DON BENVENUTO COMMENTA LE LETTURE: NONA DOMENICA DOPO PENTECOSTE

Si capisce, leggendo il vangelo, che Gesù gradiva in modo particolare essere chiamato “figlio di Davide”.Entrando in Gerico un cieco gridava sempre più forte: “Figlio di Davide abbi pietà di me”. La folla che circondava Gesù cercava di farlo tacere come se fosse un elemento di disturbo, ma Gesù ferma la folla e ascolta il cieco che l’ha invocato. Entrando in Gerusalemme i bambini che cantavano “Osanna al figlio di Davide”. I notabili sono irritati con Gesù perché non li fa tacere, perché non si dicono quelle cose, ma Gesù li approva e si mette contro il giudizio delle persone esperte della legge e della Scrittura.

Però vogliamo ricordare anche le parole dell’angelo Gabriele mandato da Dio a Nazareth. Parlando del bambino che Maria avrebbe generato, l’angelo Gabriele dice che “il Signore Dio gli darà il trono di Davide suo padre e regnerà per sempre sulla casa di Giacobbe e il suo regno non avrà fine”.Nel brano di Vangelo che abbiamo letto oggi vediamo che su questo argomento è Gesù che prende l’iniziativa. Di solito sono gli scribi e i farisei che attaccano Gesù per criticarlo o tendergli dei tranelli. Oggi è Gesù che tende un tranello ai suoi nemici. E loro ci cascano. Infatti si dice che “nessuno era in grado di rispondergli e, da quel giorno, nessuno osò più interrogarlo”. Ecco il “tranello” di Gesù: c’è il salmo 110, il cui autore è Davide, grande re d’Israele ma anche poeta e musicista, che dice: “Disse il Signore al mio Signore: Siedi alla mia destra …”. Ma allora esistono due Signori? Uno che sta alla destra dell’altro? Se il primo è Dio che parla, l’altro che siede alla sua destra chi è? Un altro come Lui? Allora ci sono due dei? Ma questa non sarebbe una bestemmia? Dio è uno solo! Guai a chi manomette questa verità! E il re Davide, autore di quella poesia, lo chiama addirittura Signore?

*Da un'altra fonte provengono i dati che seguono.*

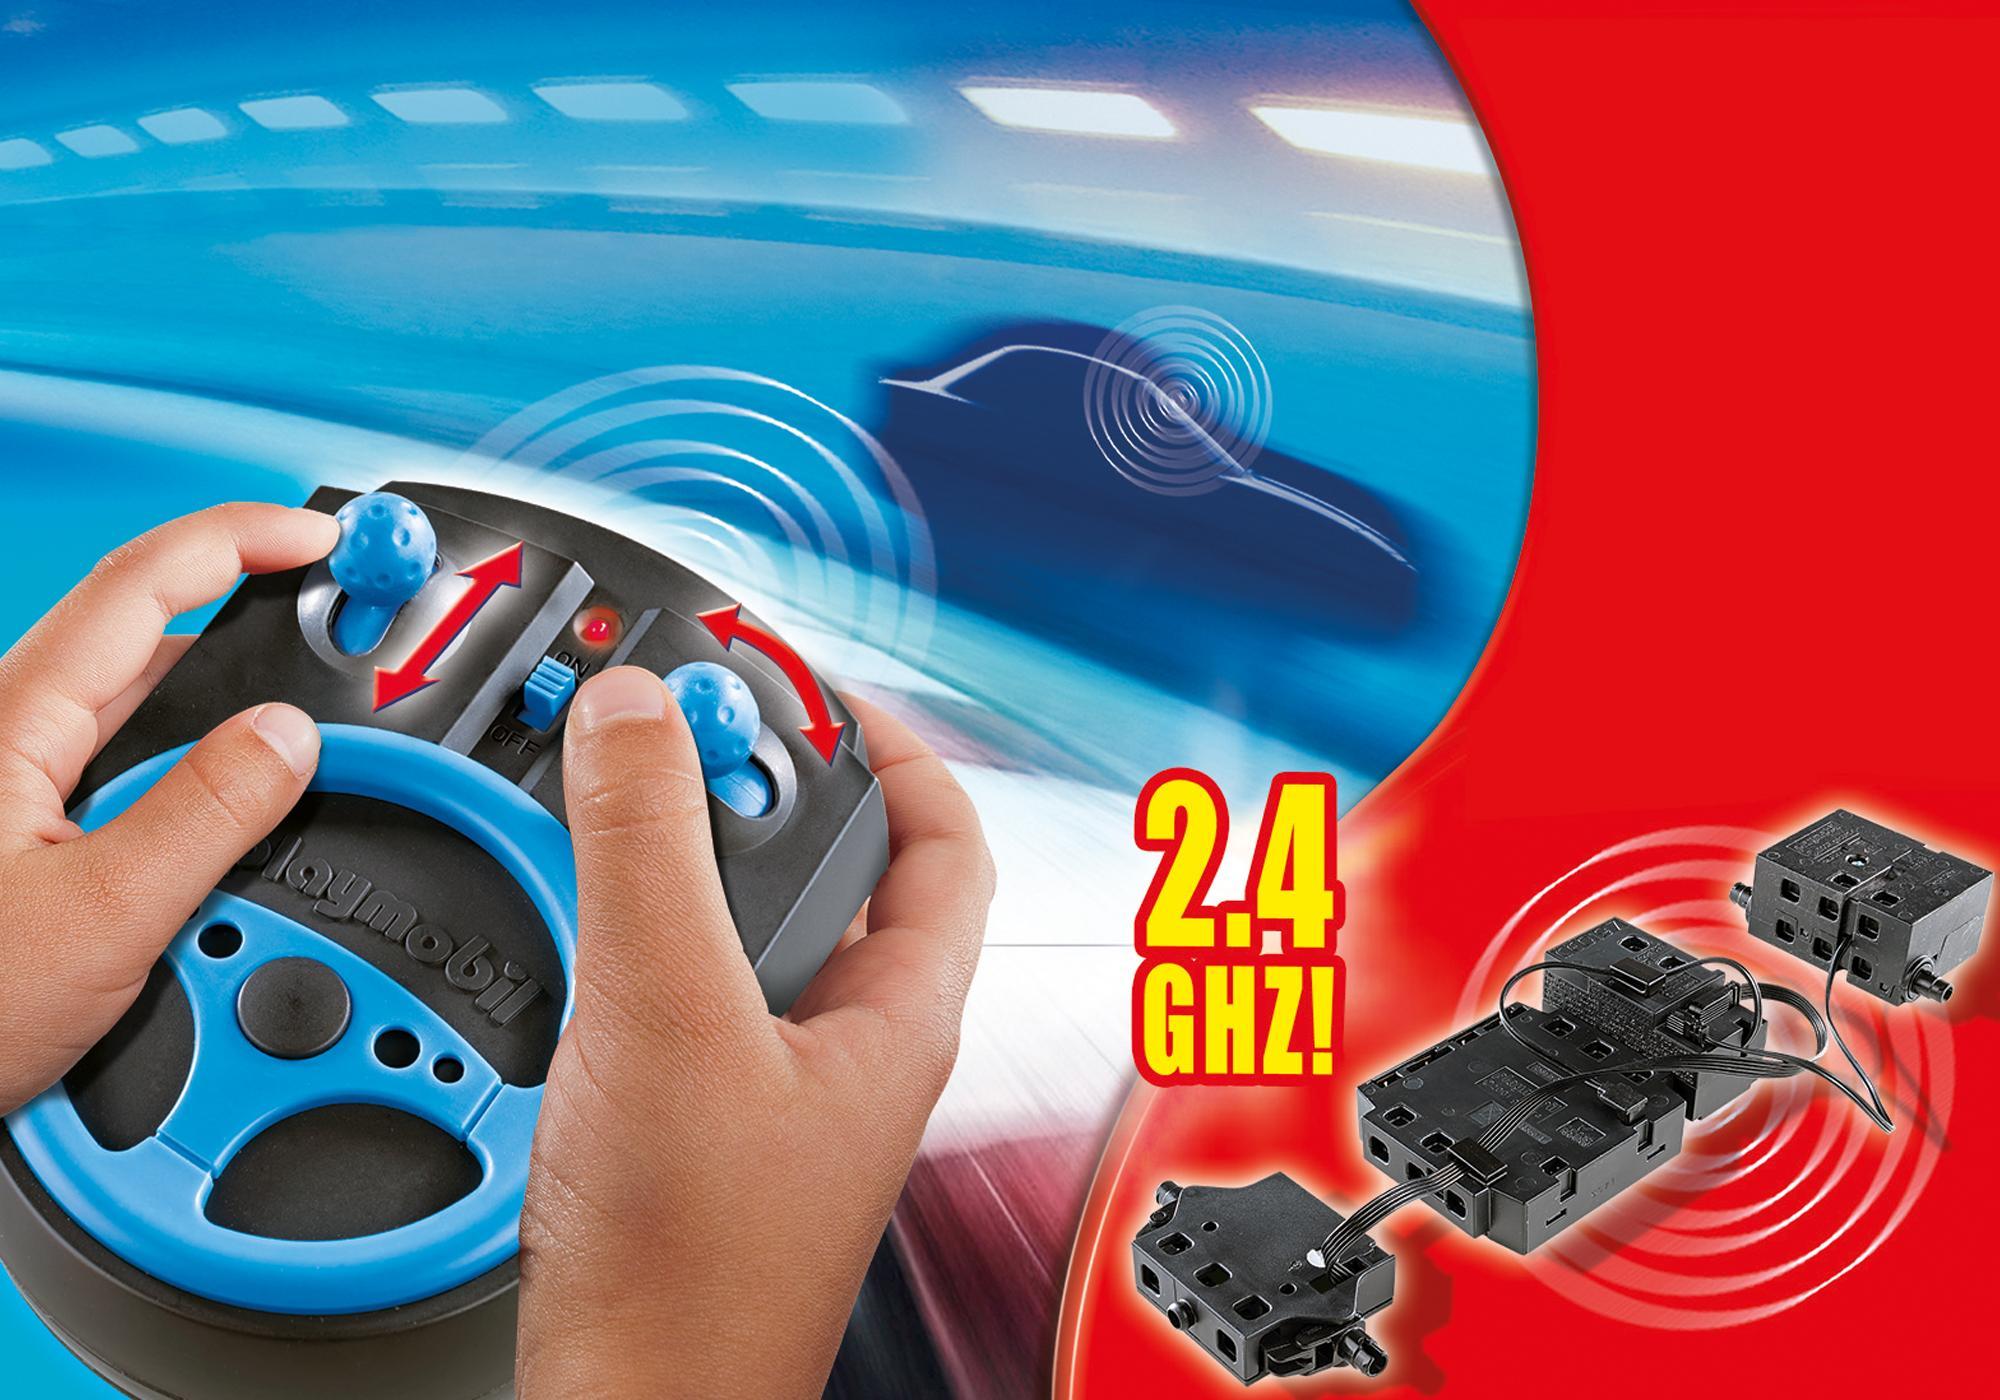 http://media.playmobil.com/i/playmobil/6914_product_detail/Módulo RC Plus

Allora il grande Davide ha adorato due dei? Nessuno ha saputo rispondere e tutti sono rimasti confusi e disorientati, senza parole. Il motivo è questo: il loro cuore si era indurito al punto che non erano più disposti ad accogliere alcuna novità proveniente da Dio che è amore infinito. Gesù con le sue opere e le sue parole lo stava rivelando a poco a poco.Poche persone come Marta e Maria, Pietro e Giovanni, Filippo e Tommaso e altri, si stavano aprendo a questa nuova verità: che Dio ha mandato nel mondo il suo figlio amato e prediletto. Altre si sono chiuse in se stesse. Quando Gesù è stato portato in tribunale gli viene chiesto se Lui è il Cristo e lui risponde: “Anche se ve lo dico, non mi crederete; se vi interrogo, non mi risponderete. Ma d’ora in poi vedrete il Figlio dell’uomo seduto alla destra della potenza di Dio!” A questo punto si stracciarono le vesti e tutti lo ritennero reo di morte! Alle loro orecchie era troppo grave quella bestemmia!Così il re e poeta Davide è stato anche un profeta: con le sue parole ispirate da Dio ha parlato di uno che è accanto a Dio ed è in Dio come un bambino che è nel seno della madre! Parlare di queste cose vuol dire rinnovare la nostra professione di fede in Dio che è nostro Padre e che ha mandato nel mondo il Suo figlio prediletto, l’amato!Però è anche vero che nella storia Dio ha fatto del re Davide un personaggio di grande importanza: gli ha fatto una grande promessa!

Quella di dargli un figlio che avrebbe regnato al suo posto, sul suo trono, per sempre. Grande onore per Davide! È davvero misterioso questo figlio! Ma anche questa è una profezia: si prepara la strada al fatto che il figlio di Dio entrando nel mondo prende un corpo umano, quel corpo che il figlio di Dio ha preso da Maria. Noi oggi non siamo più abituati, quando preghiamo, a chiamare Gesù Figlio di Davide! Ma per gli antichi ebrei chiamarlo così era una vera professione di fede nel Dio di Abramo che mantiene le sue promesse e che non abbandona mai il suo popolo.Ma anche se noi cambiamo le parole, la fede è sempre la stessa! Anche noi crediamo e amiamo Gesù come nostro fratello e amico, come il Figlio che il Padre ci ha donato, che ora vive nella gloria eterna con il Padre e che un giorno accoglierà noi tutti accanto a Lui!